Actual Study Start Date : June 16, 2020
Estimated Primary Completion Date : June 2025
Estimated Study Completion Date : June 2025

Resource links provided by the National Library of Medicine


Arm Intervention/treatment
Experimental: Left Atrial Appendage Occlusion
Percutaneous closure of the LAA by use of CE-mark approved LAA occlusion device Watchman / Watchman FLX
Device: Percutaneous closure of the LAA (Watchman / Watchman FLX)
LAA closure procedure will be done by experienced operators according to the local SOP. LAA closure will be performed under fluoroscopic and TEE guidance within conscious sedation or general anesthesia. Antibiotic single-shot prophylaxis should be administered peri-procedurally (i.e., cefazolin 2 g). The specific anatomy of the LAA is evaluated and an appropriately sized CE-marked device (WatchmanTM or Watchman FLXTM) is deployed. LAA angiography and TEE imaging is performed to identify optimal positioning of the device and to exclude a relevant leak. Following device deployment, patients will receive a therapy according to the manufacturers IFU, currently Aspirin and clopidogrel for 3 months followed by single Aspirin up to 12 months. Alternatively, 3 months of NOAC followed by Aspirin monotherapy up to 12 months are possible.

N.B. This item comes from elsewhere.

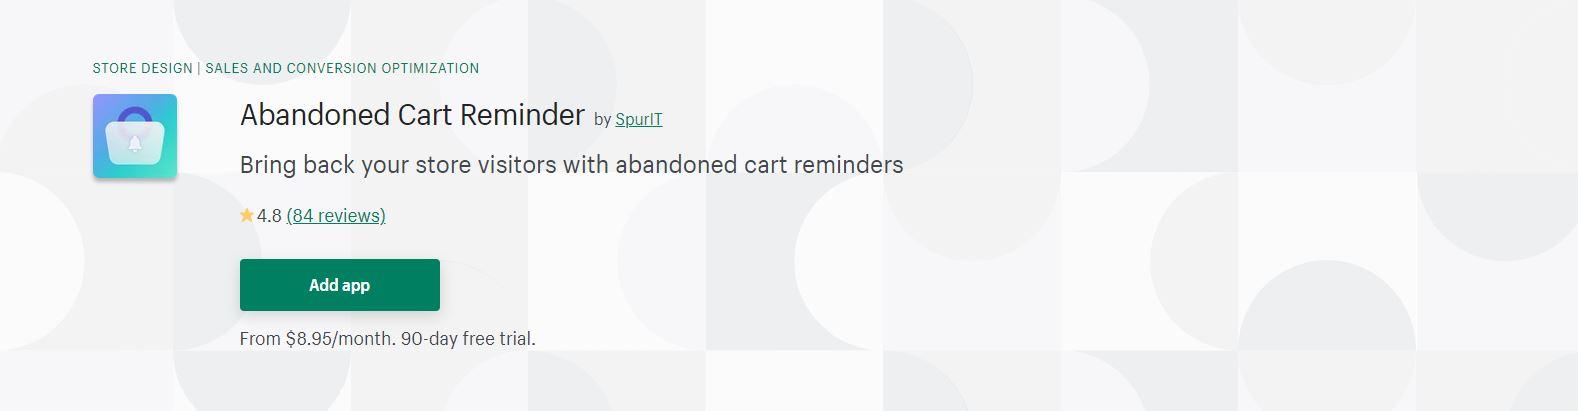 Abandoned Cart Reminder

No Intervention: Best medical therapy for anticoagulation
Standard of care (according to current guidelines)



Primary Outcome Measures :
  1. Event free survival of the composite of Cardiovascular or unexplained death, Stroke (including ischemic or hemorrhagic stroke), Systemic embolism, Bleeding (BARC type 2-5) [ Time Frame: up to 2 years after randomization ]

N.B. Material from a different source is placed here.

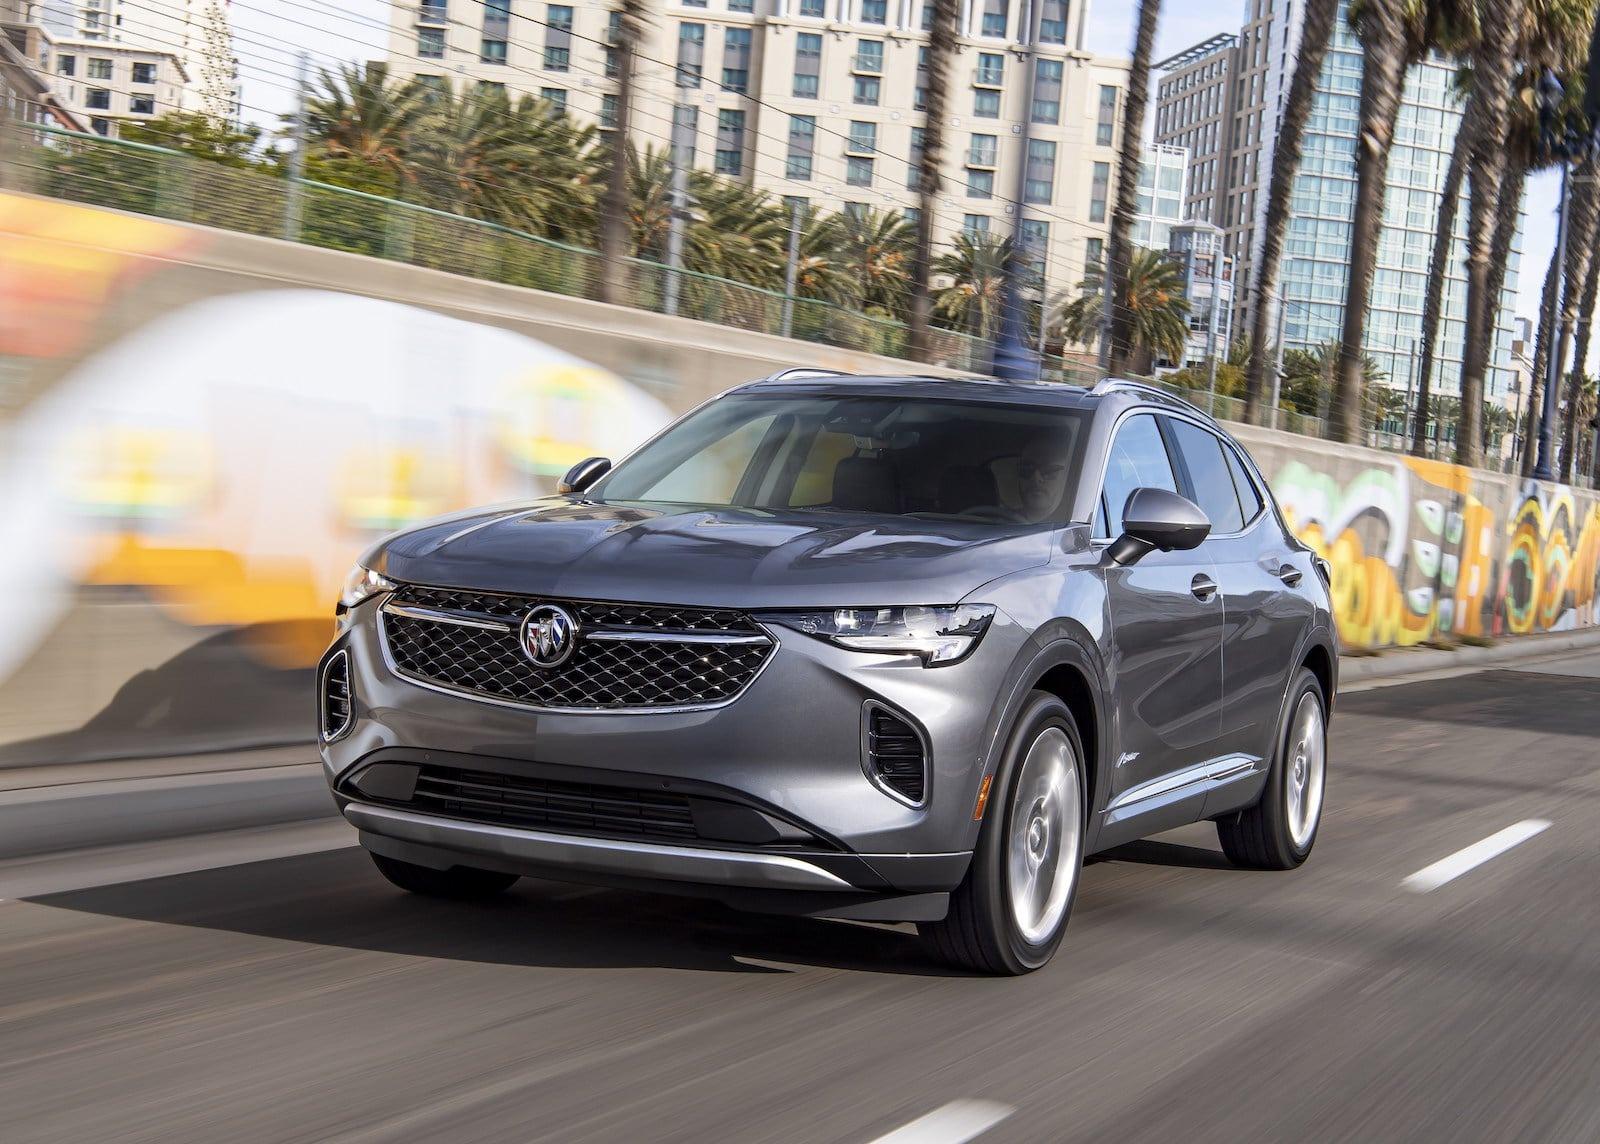 2022 Buick Envision Interior

    Cardiovascular or unexplained death - Cardiovascular mortality:

    • Death due to proximate cardiac cause e.g. myocardial infarction, cardiac tamponade, worsening heart failure, or endocarditis
    • Death caused by non-coronary, non-CNS vascular conditions such as: pulmonary embolism, ruptured aortic aneurysm, dissecting aneurysm or other vascular disease
    • Death from vascular CNS causes from hemorrhagic and ischemic stroke
    • All procedure-related deaths including those related to a complication of the procedure or treatment for a complication of the procedure
    • Sudden or unwitnessed death defined as non-traumatic, unexpected fatal event occurring within one hour of the onset of symptoms in an apparently healthy subject. If death is not witness, the definition applies when the victim was in good health 24 hours before the event
    • Death of unknown cause

  2. Event free survival of the composite of Cardiovascular or unexplained death, Stroke (including ischemic or hemorrhagic stroke), Systemic embolism, Bleeding (BARC type 2-5) [ Time Frame: up to 2 years after randomization ]

    Stroke (including ischemic or hemorrhagic stroke) - A stroke is an acute episode (lasting >24 hours) of focal neurological dysfunction caused by brain, spinal cord, or retinal vascular injury as a result of hemorrhage or infarction. Strokes are characterized as follows:

    • Ischemic stroke: an acute episode of focal cerebral, spinal, or retinal dysfunction caused by infarction of the central nervous system tissue. Hemorrhage may be a consequence of ischemic stroke. In this situation, the stroke is an ischemic stroke with hemorrhagic transformation and not a hemorrhagic stroke.
    • Hemorrhagic stroke: an acute episode of focal or global cerebral or spinal dysfunction caused by intraparenchymal, intraventricular, or subarachnoid hemorrhage

  3. Event free survival of the composite of Cardiovascular or unexplained death, Stroke (including ischemic or hemorrhagic stroke), Systemic embolism, Bleeding (BARC type 2-5) [ Time Frame: up to 2 years after randomization ]
    Systemic embolism - Non-CNS systemic embolism is defined as abrupt vascular insufficiency of an extremity or organ associated with clinical or radiological evidence of arterial occlusion in the absence of other likely mechanisms, (e.g., trauma, atherosclerosis, instrumentation). In the presence of atherosclerotic peripheral vascular disease, diagnosis of embolism to the lower extremities should be made with caution and requires angiographic demonstration of abrupt arterial occlusion.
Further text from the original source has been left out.